For the time being, we’ll just import Pandas, although we’ll need to import other packages in future tutorials.
#================ # IMPORT PACKAGES #================ import pandas as pd
Get raw data
Next, we’re going to get the raw csv
data.
This data comes from a github repository for Covid-19 data, created by Johns Hopkins.
We’re going to use the “raw” data, which is easier to retrieve.
To get the raw data, we’re going to use the Pandas read_csv function. The read_csv function does exactly what it sounds like …. it reads in csv data.

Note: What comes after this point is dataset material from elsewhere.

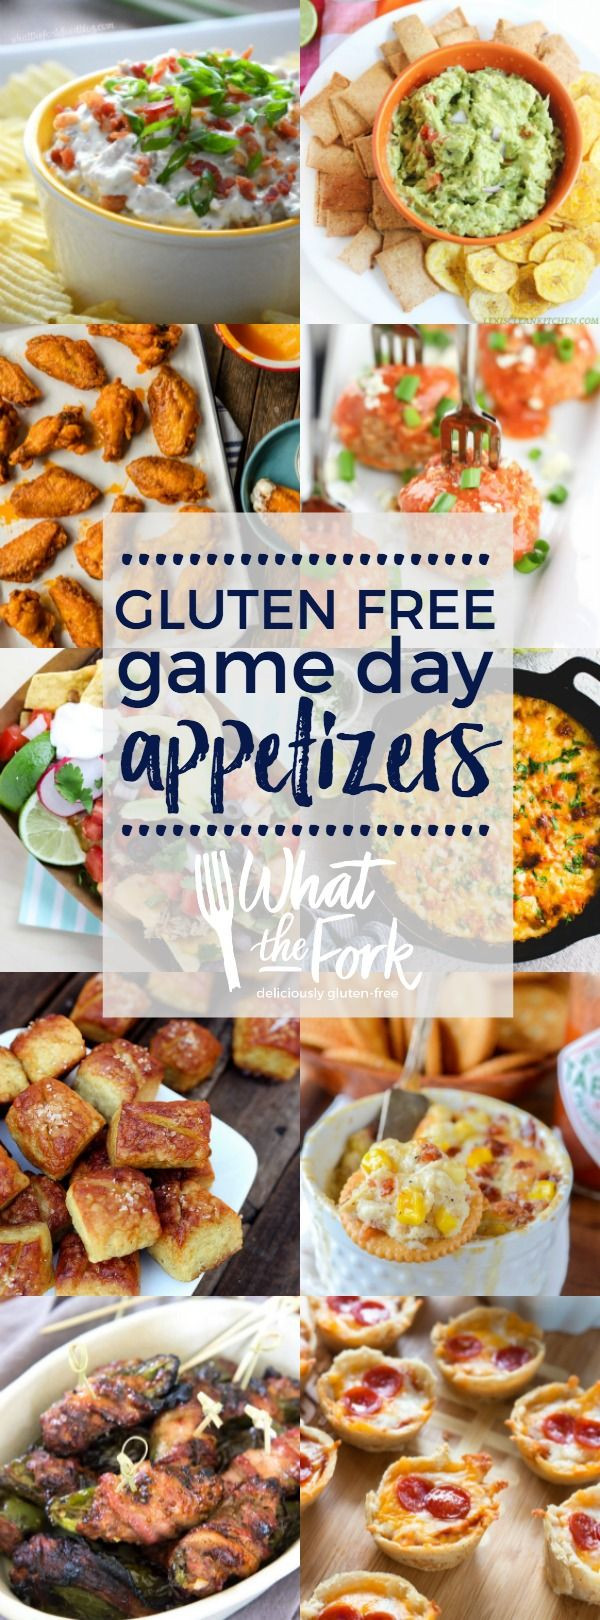 Gluten Free Appetizers For Parties
 Gluten Free Game Day Appetizers

#============= # GET RAW DATA #============= url = 'https://raw.githubusercontent.com/CSSEGISandData/COVID-19/master/csse_covid_19_data/csse_covid_19_time_series/time_series_19-covid-Confirmed.csv' covid_data_RAW = pd.read_csv(url)
Inspect
Now, let’s just inspect a few rows.
First, we’ll take a look at the columns:
covid_data_RAW.columns
OUT:
Index(['Province/State', 'Country/Region', 'Lat', 'Long', '1/22/20', '1/23/20', '1/24/20', '1/25/20', '1/26/20', '1/27/20', '1/28/20', '1/29/20', '1/30/20', '1/31/20', '2/1/20', '2/2/20', '2/3/20', '2/4/20', '2/5/20', '2/6/20', '2/7/20', '2/8/20', '2/9/20', '2/10/20', '2/11/20', '2/12/20', '2/13/20', '2/14/20', '2/15/20', '2/16/20', '2/17/20', '2/18/20', '2/19/20', '2/20/20', '2/21/20', '2/22/20', '2/23/20', '2/24/20', '2/25/20', '2/26/20', '2/27/20', '2/28/20', '2/29/20', '3/1/20', '3/2/20', '3/3/20', '3/4/20', '3/5/20', '3/6/20', '3/7/20', '3/8/20', '3/9/20', '3/10/20', '3/11/20', '3/12/20', '3/13/20', '3/14/20', '3/15/20', '3/16/20', '3/17/20', '3/18/20'], dtype='object')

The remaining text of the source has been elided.